TASK TO COMPLETE — Could you retype all of the entries below word for word?

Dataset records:
= = =
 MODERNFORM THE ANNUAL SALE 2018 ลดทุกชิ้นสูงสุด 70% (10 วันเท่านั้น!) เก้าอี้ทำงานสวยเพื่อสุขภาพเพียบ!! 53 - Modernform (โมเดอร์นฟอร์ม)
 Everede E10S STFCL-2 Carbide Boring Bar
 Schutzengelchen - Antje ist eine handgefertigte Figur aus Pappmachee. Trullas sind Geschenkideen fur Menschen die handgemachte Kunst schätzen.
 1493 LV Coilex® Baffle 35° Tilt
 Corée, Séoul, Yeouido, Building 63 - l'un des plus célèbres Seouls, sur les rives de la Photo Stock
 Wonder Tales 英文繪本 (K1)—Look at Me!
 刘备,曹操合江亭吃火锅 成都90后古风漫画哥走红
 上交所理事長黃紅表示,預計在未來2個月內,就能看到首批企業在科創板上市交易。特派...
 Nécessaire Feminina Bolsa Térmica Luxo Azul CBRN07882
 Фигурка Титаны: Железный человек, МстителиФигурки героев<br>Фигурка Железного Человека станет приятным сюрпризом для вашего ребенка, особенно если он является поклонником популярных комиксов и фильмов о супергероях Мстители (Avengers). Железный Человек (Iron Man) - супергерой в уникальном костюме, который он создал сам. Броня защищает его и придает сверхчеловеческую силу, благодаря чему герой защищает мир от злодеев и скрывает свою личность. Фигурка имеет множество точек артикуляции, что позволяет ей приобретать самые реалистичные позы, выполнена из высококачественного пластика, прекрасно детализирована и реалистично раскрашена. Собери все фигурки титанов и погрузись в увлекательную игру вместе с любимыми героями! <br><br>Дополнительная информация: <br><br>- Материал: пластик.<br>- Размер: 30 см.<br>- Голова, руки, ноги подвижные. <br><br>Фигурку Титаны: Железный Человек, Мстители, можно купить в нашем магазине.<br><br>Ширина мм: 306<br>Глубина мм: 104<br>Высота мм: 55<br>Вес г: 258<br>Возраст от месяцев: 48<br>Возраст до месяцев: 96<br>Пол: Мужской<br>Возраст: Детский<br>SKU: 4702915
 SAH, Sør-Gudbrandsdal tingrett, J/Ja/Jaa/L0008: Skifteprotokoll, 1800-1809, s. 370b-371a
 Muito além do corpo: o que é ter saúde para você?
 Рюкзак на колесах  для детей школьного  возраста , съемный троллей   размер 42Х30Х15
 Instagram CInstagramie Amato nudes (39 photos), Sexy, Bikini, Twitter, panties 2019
= = =
SOLUTION —
 MODERNFORM THE ANNUAL SALE 2018 ลดทุกชิ้นสูงสุด 70% (10 วันเท่านั้น!) เก้าอี้ทำงานสวยเพื่อสุขภาพเพียบ!! 53 - Modernform (โมเดอร์นฟอร์ม)
 Everede E10S STFCL-2 Carbide Boring Bar
 Schutzengelchen - Antje ist eine handgefertigte Figur aus Pappmachee. Trullas sind Geschenkideen fur Menschen die handgemachte Kunst schätzen.
 1493 LV Coilex® Baffle 35° Tilt
 Corée, Séoul, Yeouido, Building 63 - l'un des plus célèbres Seouls, sur les rives de la Photo Stock
 Wonder Tales 英文繪本 (K1)—Look at Me!
 刘备,曹操合江亭吃火锅 成都90后古风漫画哥走红
 上交所理事長黃紅表示,預計在未來2個月內,就能看到首批企業在科創板上市交易。特派...
 Nécessaire Feminina Bolsa Térmica Luxo Azul CBRN07882
 Фигурка Титаны: Железный человек, МстителиФигурки героев<br>Фигурка Железного Человека станет приятным сюрпризом для вашего ребенка, особенно если он является поклонником популярных комиксов и фильмов о супергероях Мстители (Avengers). Железный Человек (Iron Man) - супергерой в уникальном костюме, который он создал сам. Броня защищает его и придает сверхчеловеческую силу, благодаря чему герой защищает мир от злодеев и скрывает свою личность. Фигурка имеет множество точек артикуляции, что позволяет ей приобретать самые реалистичные позы, выполнена из высококачественного пластика, прекрасно детализирована и реалистично раскрашена. Собери все фигурки титанов и погрузись в увлекательную игру вместе с любимыми героями! <br><br>Дополнительная информация: <br><br>- Материал: пластик.<br>- Размер: 30 см.<br>- Голова, руки, ноги подвижные. <br><br>Фигурку Титаны: Железный Человек, Мстители, можно купить в нашем магазине.<br><br>Ширина мм: 306<br>Глубина мм: 104<br>Высота мм: 55<br>Вес г: 258<br>Возраст от месяцев: 48<br>Возраст до месяцев: 96<br>Пол: Мужской<br>Возраст: Детский<br>SKU: 4702915
 SAH, Sør-Gudbrandsdal tingrett, J/Ja/Jaa/L0008: Skifteprotokoll, 1800-1809, s. 370b-371a
 Muito além do corpo: o que é ter saúde para você?
 Рюкзак на колесах  для детей школьного  возраста , съемный троллей   размер 42Х30Х15
 Instagram CInstagramie Amato nudes (39 photos), Sexy, Bikini, Twitter, panties 2019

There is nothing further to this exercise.